Well, that was then, and this is now. My embrace of the non-sporty gay guy within has been threatened to its very core.
Jason Collins has come out, and we, his gay brethren, realize that we can no longer get away with comments about basketball like, "Oh, yeah, that's the big orange one, right?" Don't get me wrong: I think that what Jason did is heroic and fantastic. It is just that now we -- I -- have to get serious.
It comes just in the nick of time for me. My younger son Jesse is showing a real talent for the game, so the dad in me will be out there bouncing a pigskin, er, un ballon de basket -- eventually, anyway.
I am feeling feisty, and now that I have decided to swap out my inner klutz for my inner jock, I need to find an opponent with whom to skirmish.
I found one: none other than anti-gay-rhetoric hoop shooter Mike Huckabee.
Mr. Huckabee should be a good choice. Although he has overcome weight challenges in the past and has run marathons, he is also a few years older than I. He also apparently has downed more than a fair share of cholesterol-laden fast-food chicken. Plus, he's the one who said of the Sandy Hook shooting, "We ask why there is violence in our schools, but we have systematically removed God from our schools. Should we be so surprised that schools would become a place of carnage?" I figure that I can gently remind him that God has systematically been removed in equal measure from the basketball court. I plan on carnaging him there like nobody's business (especially after reminding myself about his idiotic and insensitive remarks). Here is my invitation to him:
You don't know me, although you talk about me all the time as if you do. I am a gay dad. As you are probably aware, the LGBT world has now integrated basketball into its sphere. It is one of the more secret clauses in the gay agenda. With Jason Collins as our lead, we are now moving full-steam ahead.
So I would like to challenge you to a game. You pick the time, and I will be there. (I already picked the court; it's a supreme one with nine cool custodians.)I know basketball is near and dear to your heart, and we are going to have to discuss your strange viewpoint about the rules. Recently, you said on the subject of gay marriage:
On this issue I recognize the culture is moving away from the traditional standard, but it's almost like saying, "Well, we have a basketball team, and nobody on the team can hit the goal that's 10 feet off the floor, so we're going to lower the goal down to 6 feet, and that way everybody can slam dunk the ball." So the question is: Have you have improved your basketball game, or have you actually just changed the standard so it looks like you're doing better? And that's my concern.
That inability to truly understand the concept of "standards" is why you are going to lose. The LGBT team not only plays within standards, but we stand up for those standards more than you do.
The American Sociological Association can act as our referee on this. They say, "Children fare just as well when they are raised by same-sex parents as when they are raised by opposite-sex parents." Their point is:
The research supports the conclusion that extension of marriage rights to same-sex couples has the potential to improve child wellbeing insofar as the institution of marriage may provide social and legal support to families and enhances family stability, key drivers of positive child outcomes.

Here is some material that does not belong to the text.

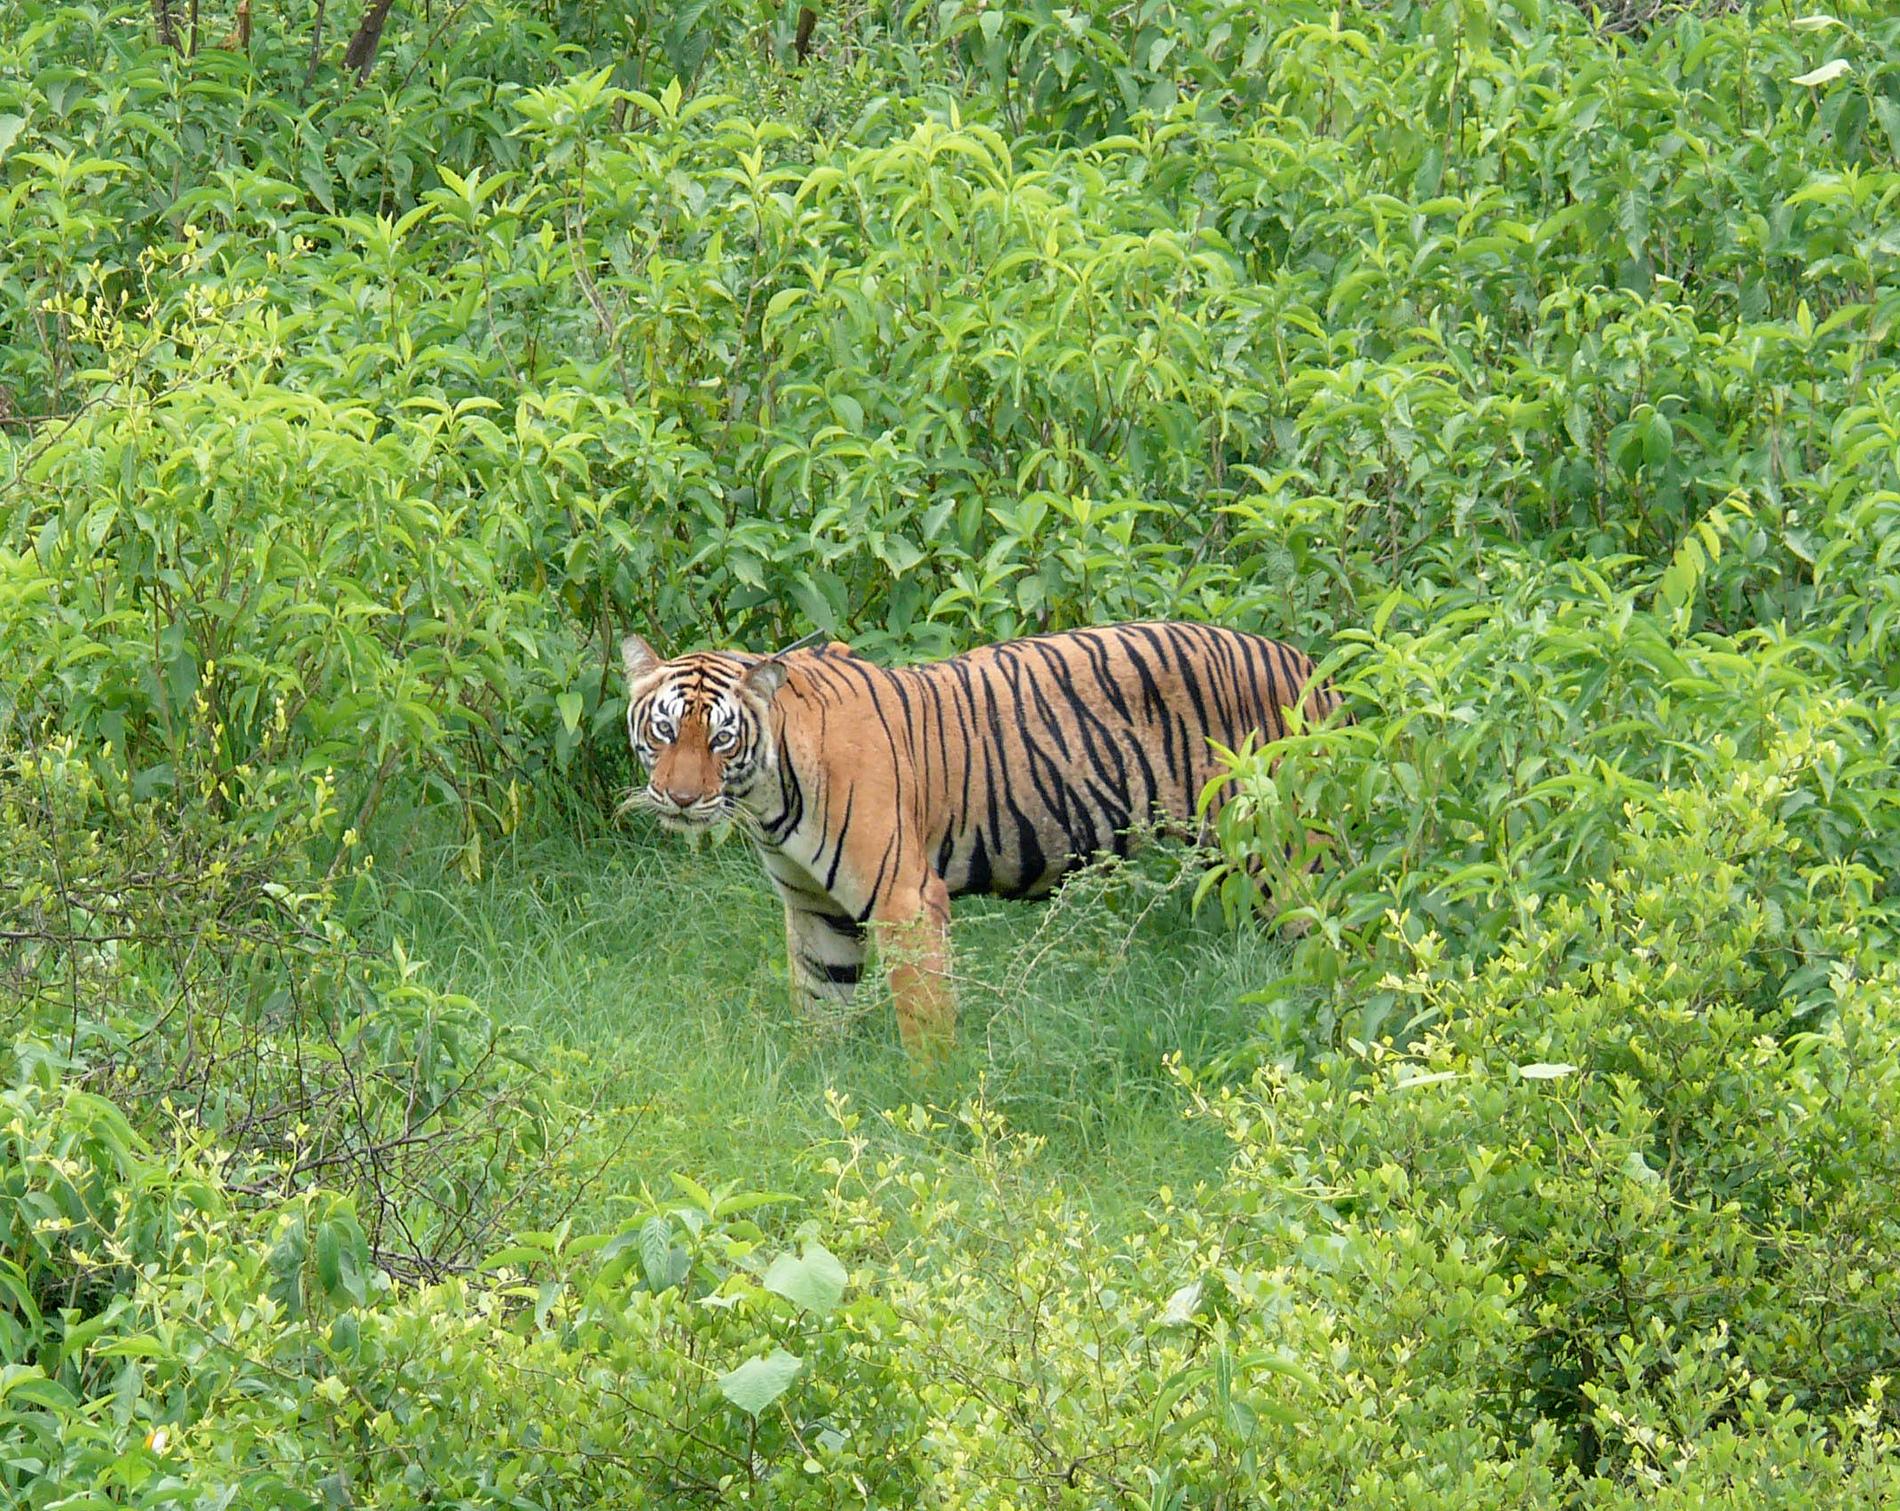 Tigerhona i nationalparken Sariska i delstaten Rajasthan i Indien. Indien har nu cirka 3 000 tigrar, två tredjedelar av hela världspopulationen.

Extrapolating from your basketball metaphor, you are saying that one team is going to be better at playing the game because they are the ones who have the greatest likelihood of bringing the ball to the court. Period. For no other reason. In your set of standards, sportsmanship, ability and mature planning are irrelevant.
As we have seen from all the people who mistreat and abuse their basketballs, there is nothing that indicates that bringing a ball into the building correlates to scoring with it once they're on the court. Nothing.
Regarding the issue of lowering the goal down from 10 to 6 feet for us, don't be silly. You have systematically tied our hands and legs and thrown us out to play by your rules for years. Not only have we stepped up, but we have succeeded. A Cambridge University study finds not only that gay-dad marriages are as ideal and possibly better than others in some ways, but that they are also the most likely to seek out helping children in need of homes.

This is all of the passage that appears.